INFORMATION SHOWN Block Start

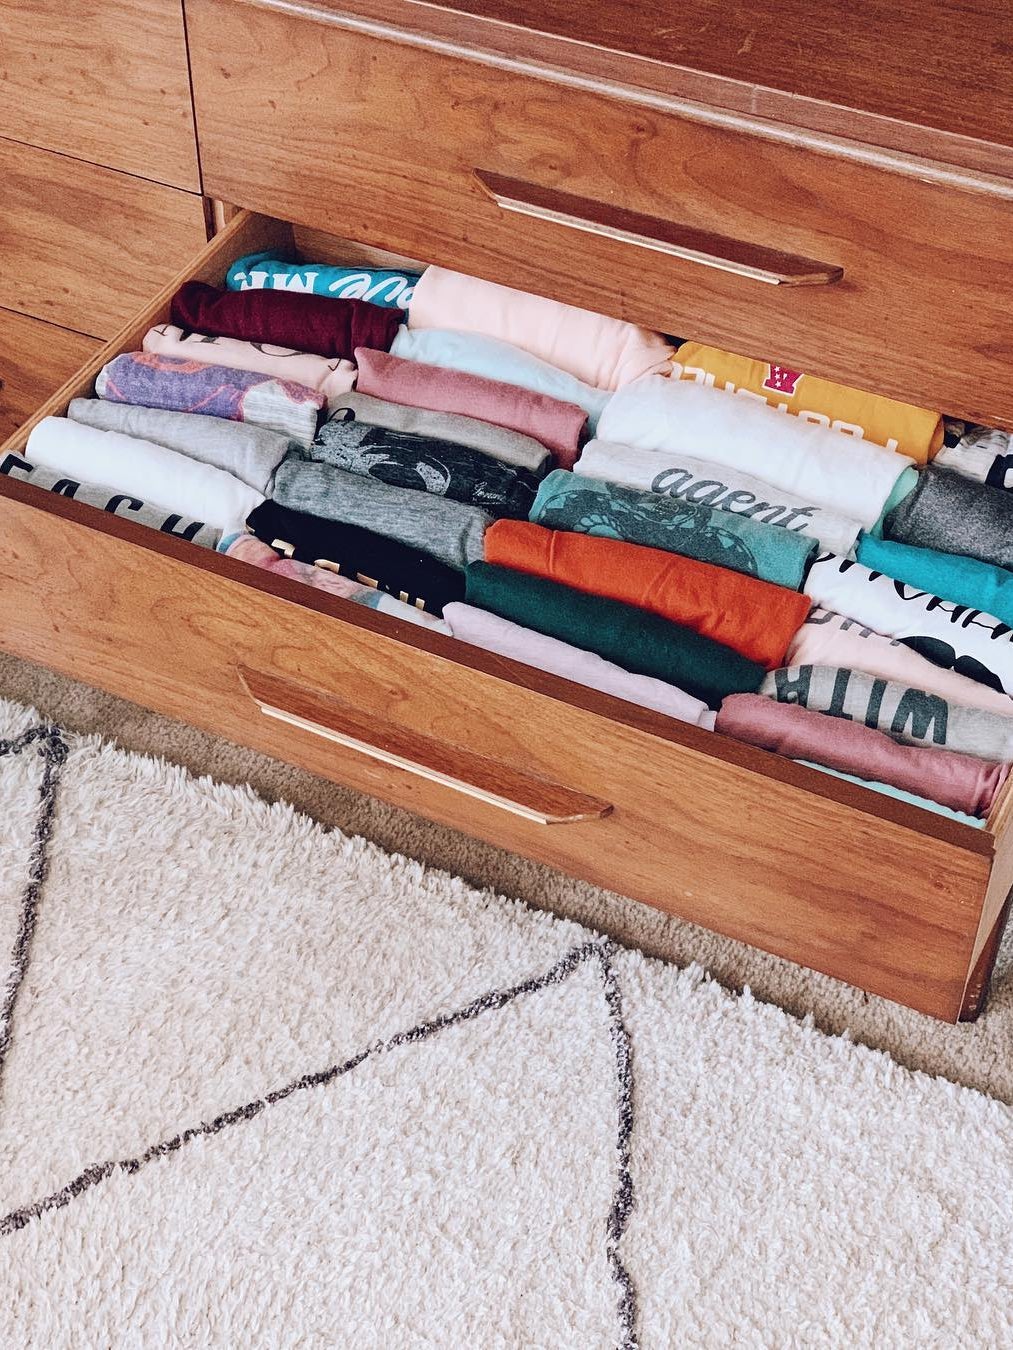 You Can Thank Marie Kondo for This Satisfying Instagram Trend
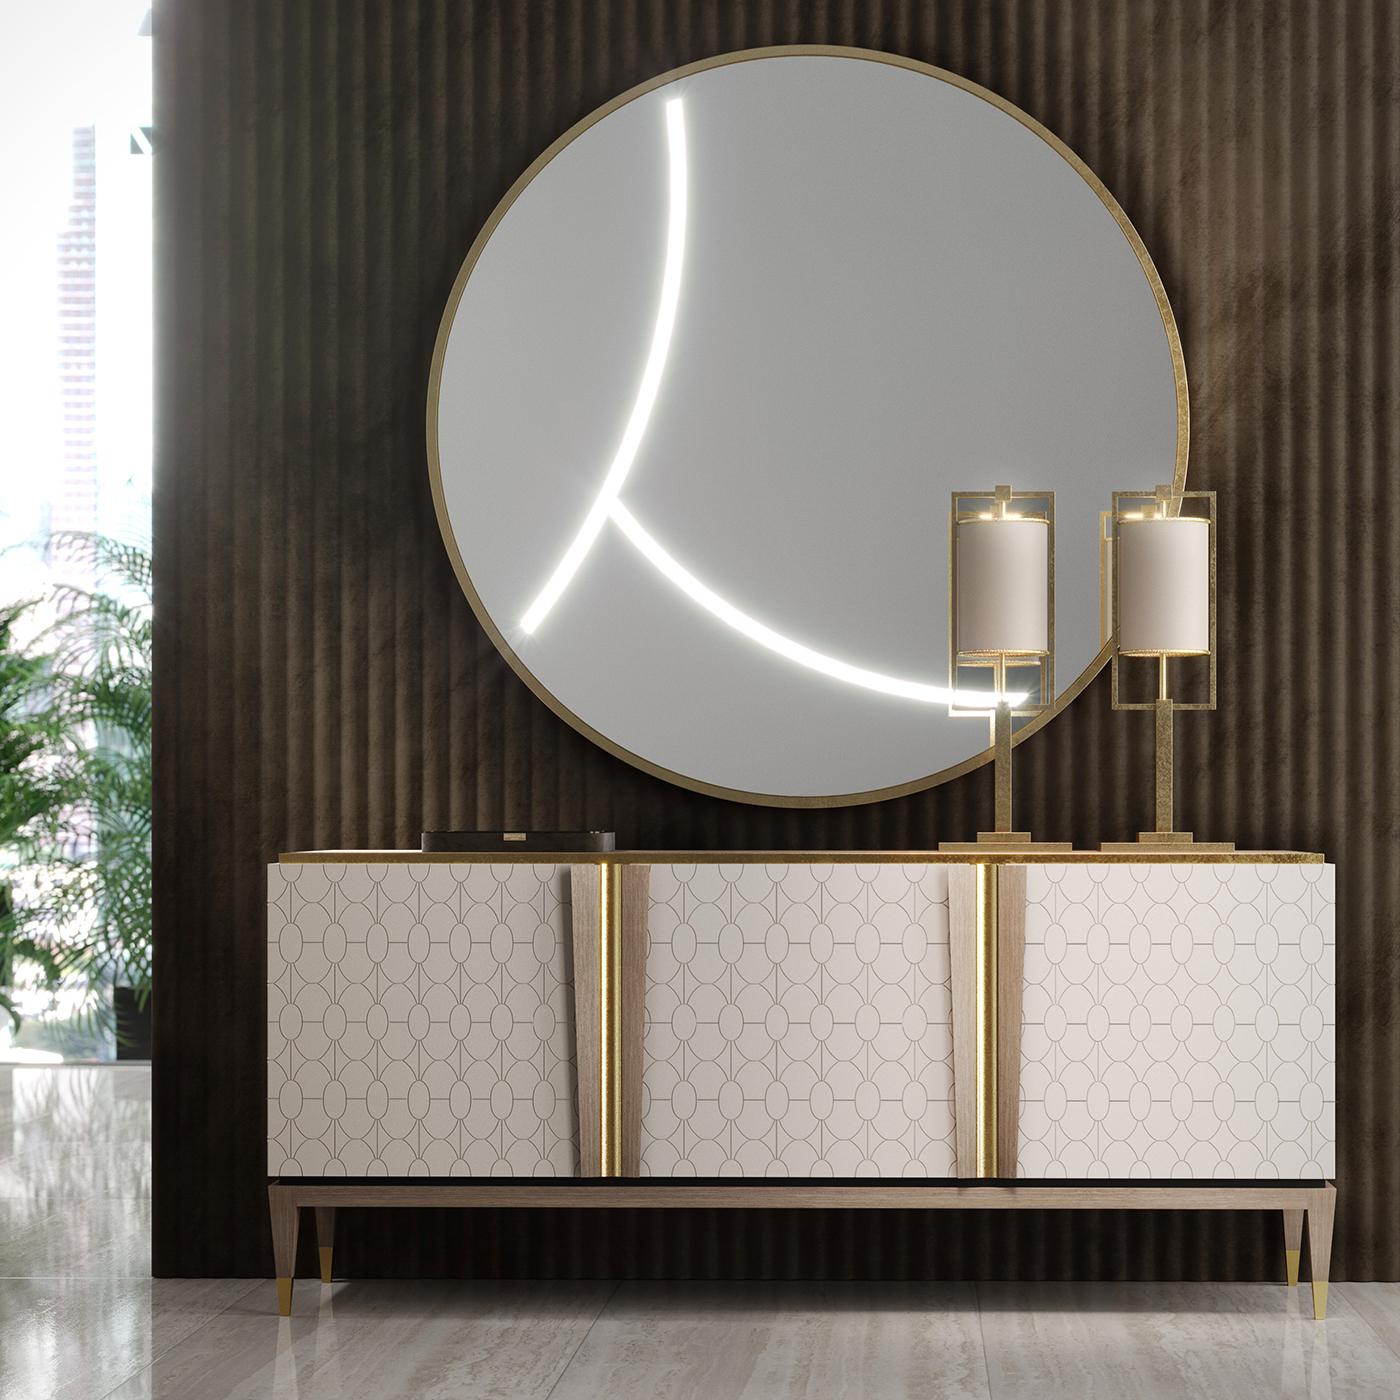 The Minimalist profile of this elegant round mirror is part of the Mascari Collection, distinctive for its linear silhouettes and precious finishes. The frame boasts an MDF California Air Resources Board (CARB) frame with a metallic gold finish. The
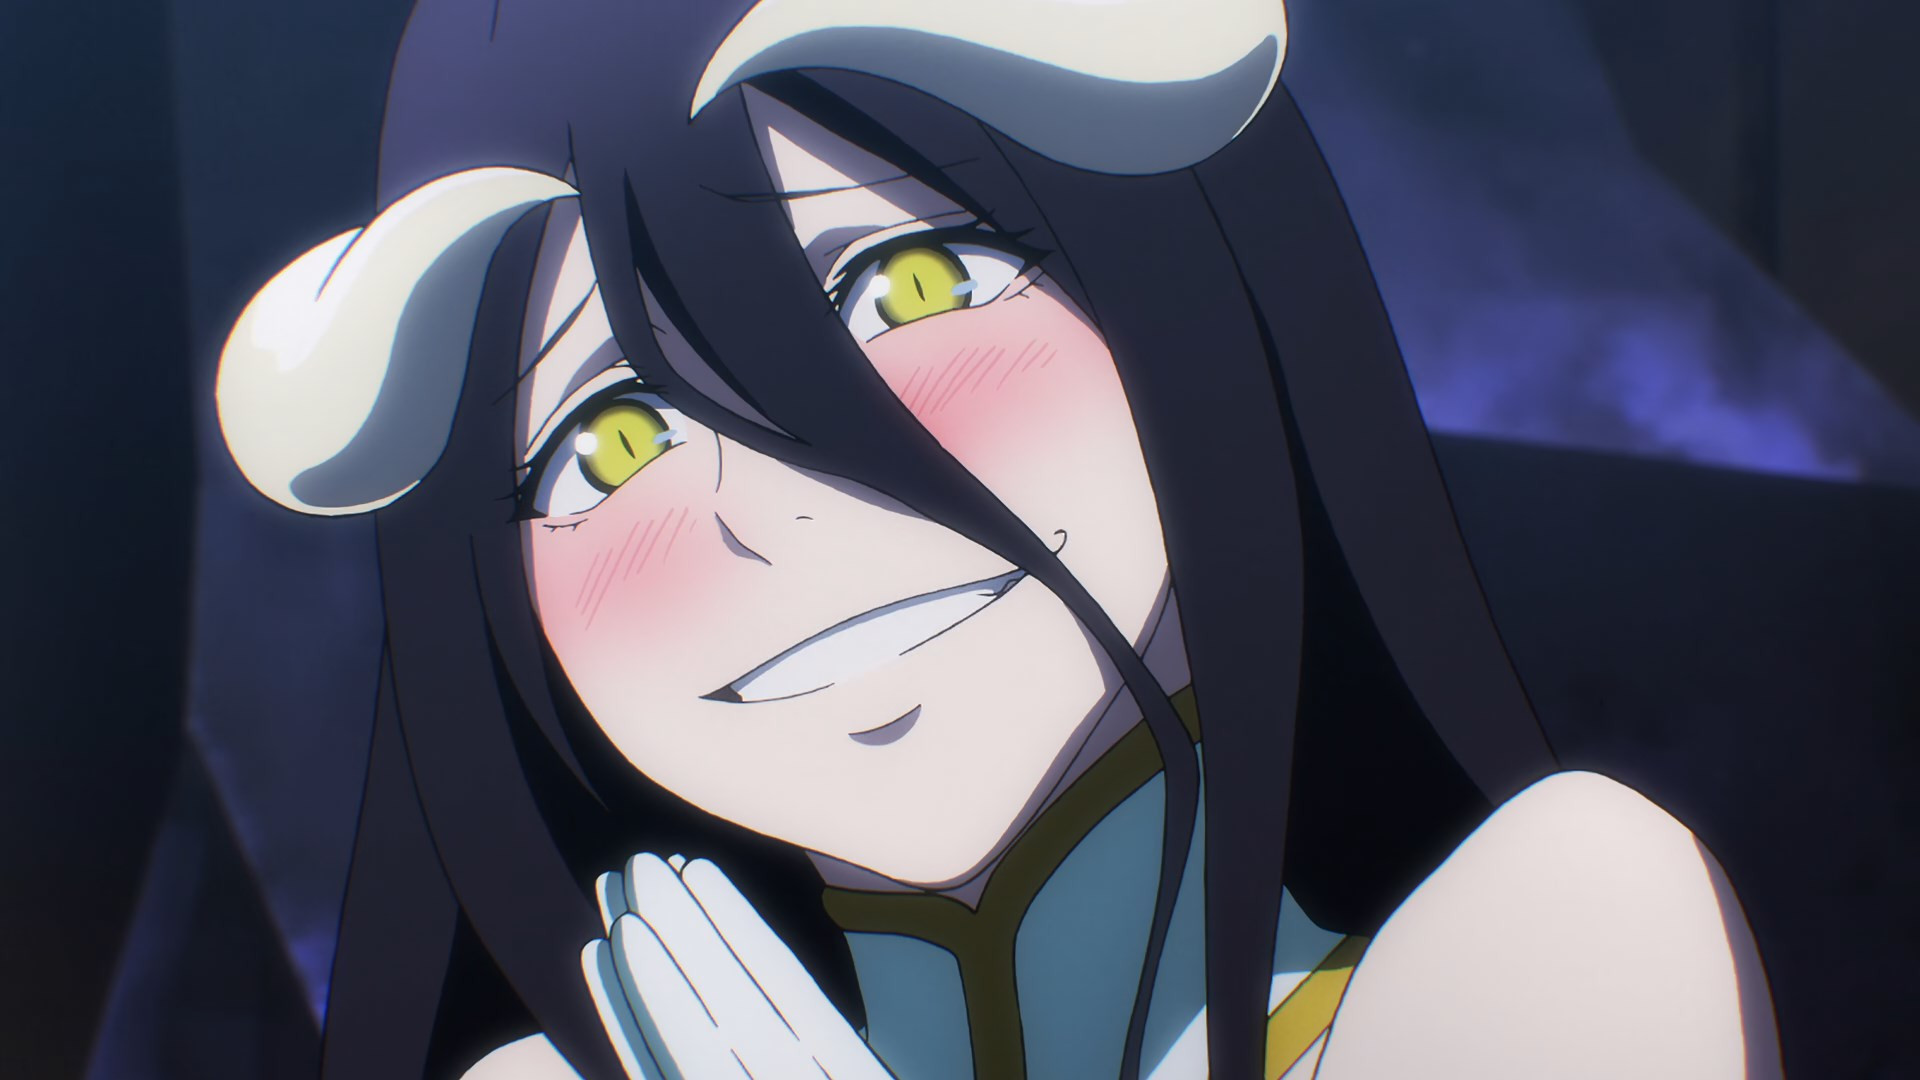 Lupu is the new face of kissanime~su : r/overlord
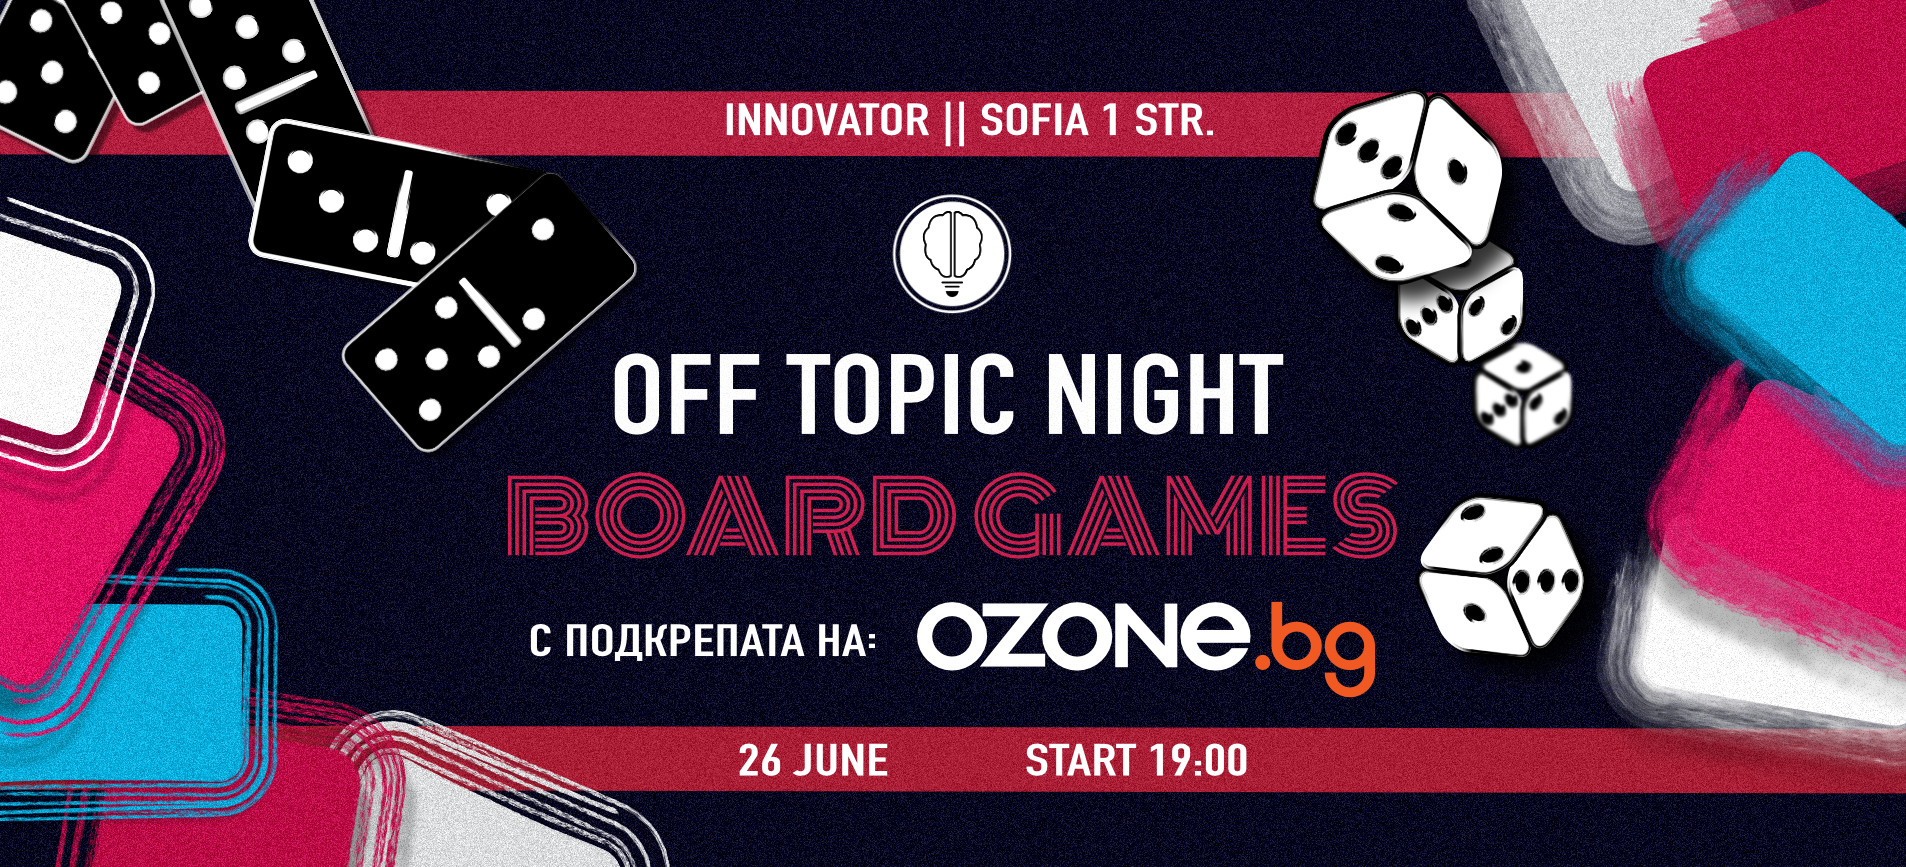 OFF Topic | Board Games Night 14 | Innovator Coworking Space

INFORMATION SHOWN Block End

WHAT THE EXERCISE ASKS:
Copy the data in full. No pictures belong in the copy.

EXPECTED ANSWER:
 You Can Thank Marie Kondo for This Satisfying Instagram Trend
 The Minimalist profile of this elegant round mirror is part of the Mascari Collection, distinctive for its linear silhouettes and precious finishes. The frame boasts an MDF California Air Resources Board (CARB) frame with a metallic gold finish. The
 Lupu is the new face of kissanime~su : r/overlord
 OFF Topic | Board Games Night 14 | Innovator Coworking Space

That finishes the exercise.